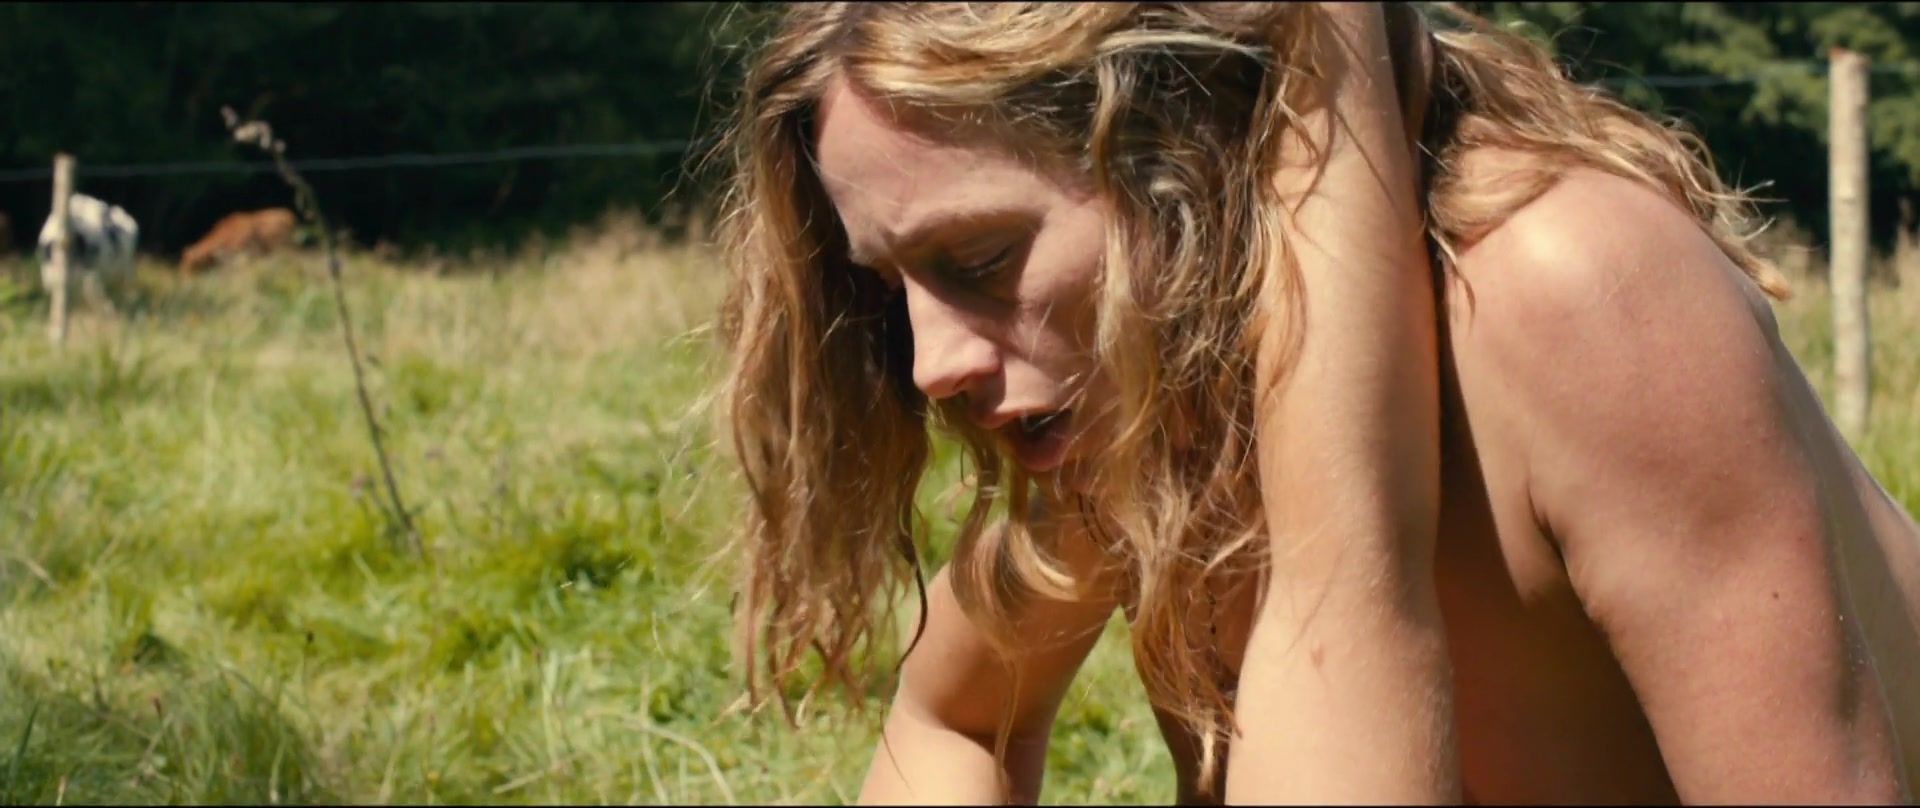 ExtraTorrent Outdoors Lesbian Sex Video of French erotic film "La belle saison" Hymen - 1
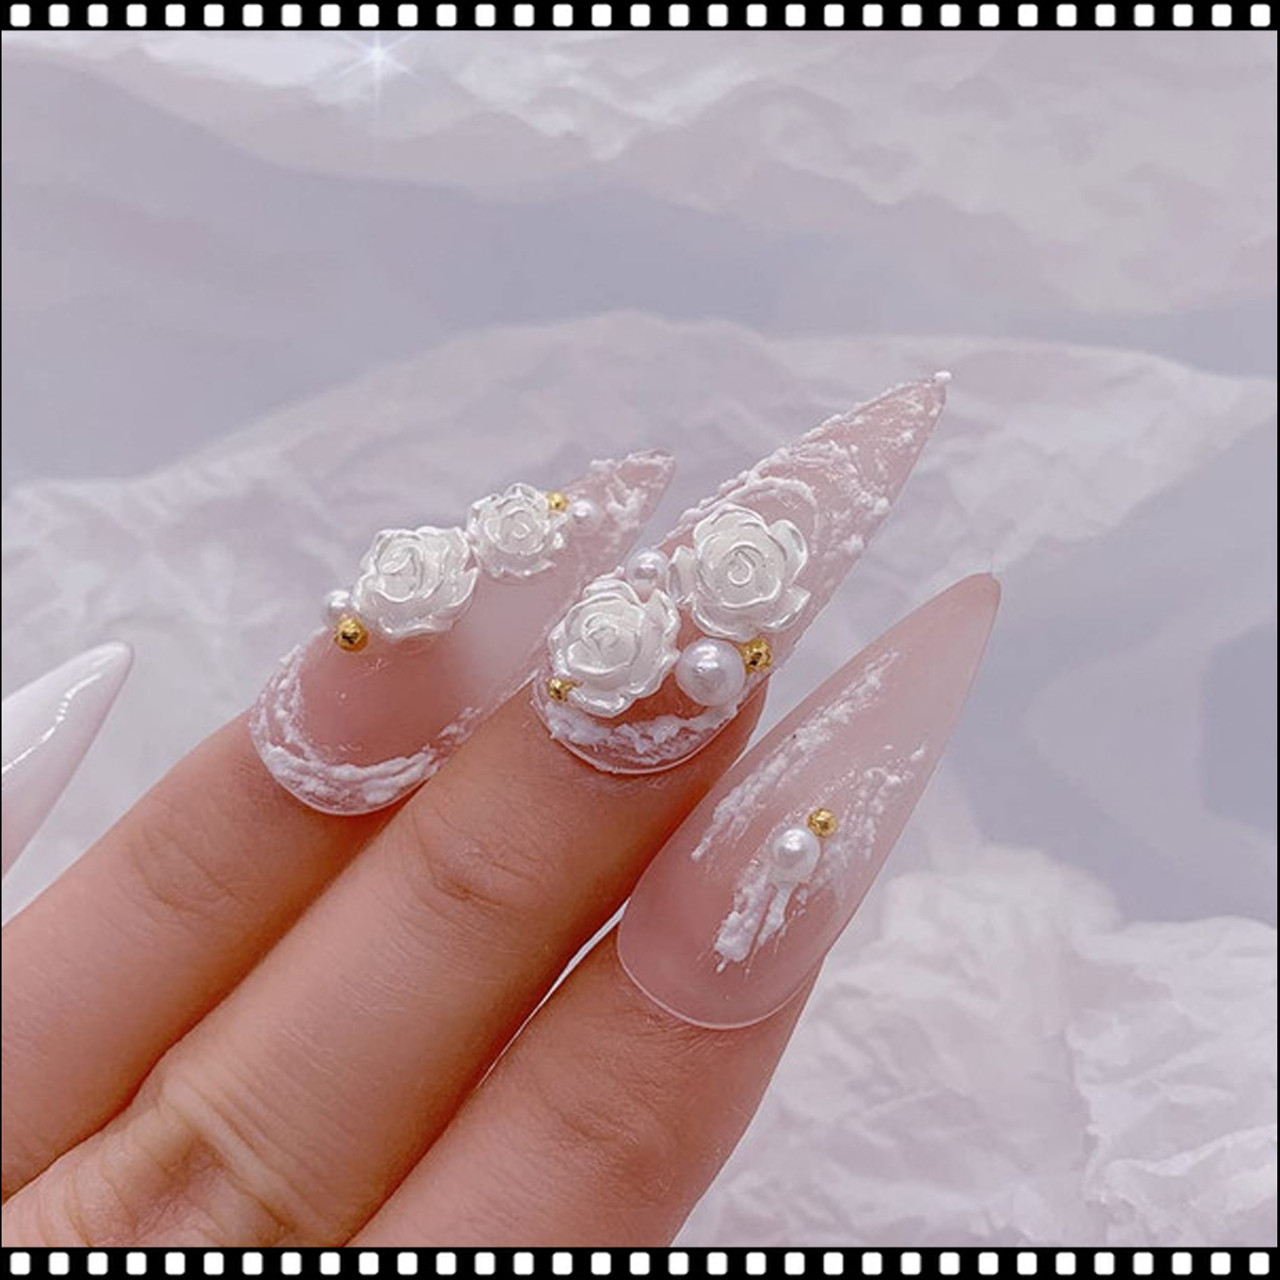 15pcs Iridescent Pearly White Heart Shaped Nail Charms Nails Art
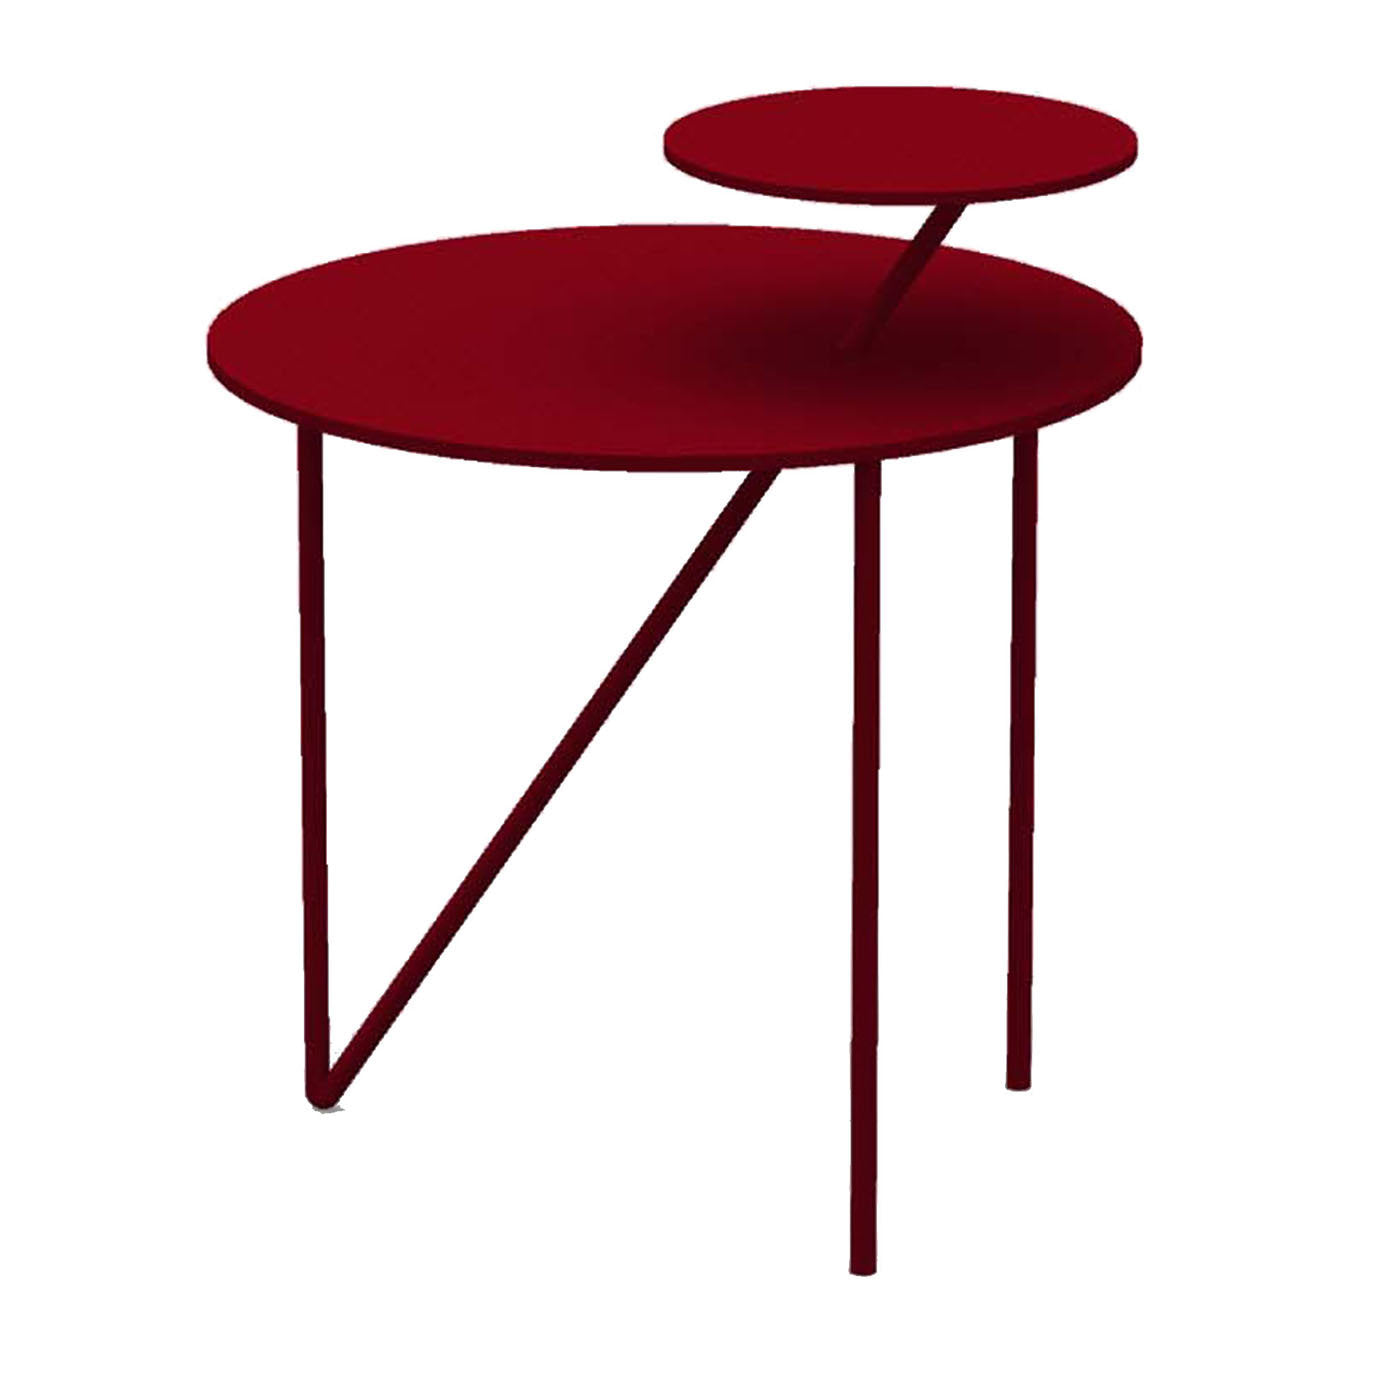 Table basse Passante rouge rubis - Vue alternative 1

§ Work task
Reproduce word for word the lines running from the line with "15pcs Iridescent Pearly" through the end of the data, both included, and nothing else; leave out the pictures.

§ Solution
 15pcs Iridescent Pearly White Heart Shaped Nail Charms Nails Art
 Table basse Passante rouge rubis - Vue alternative 1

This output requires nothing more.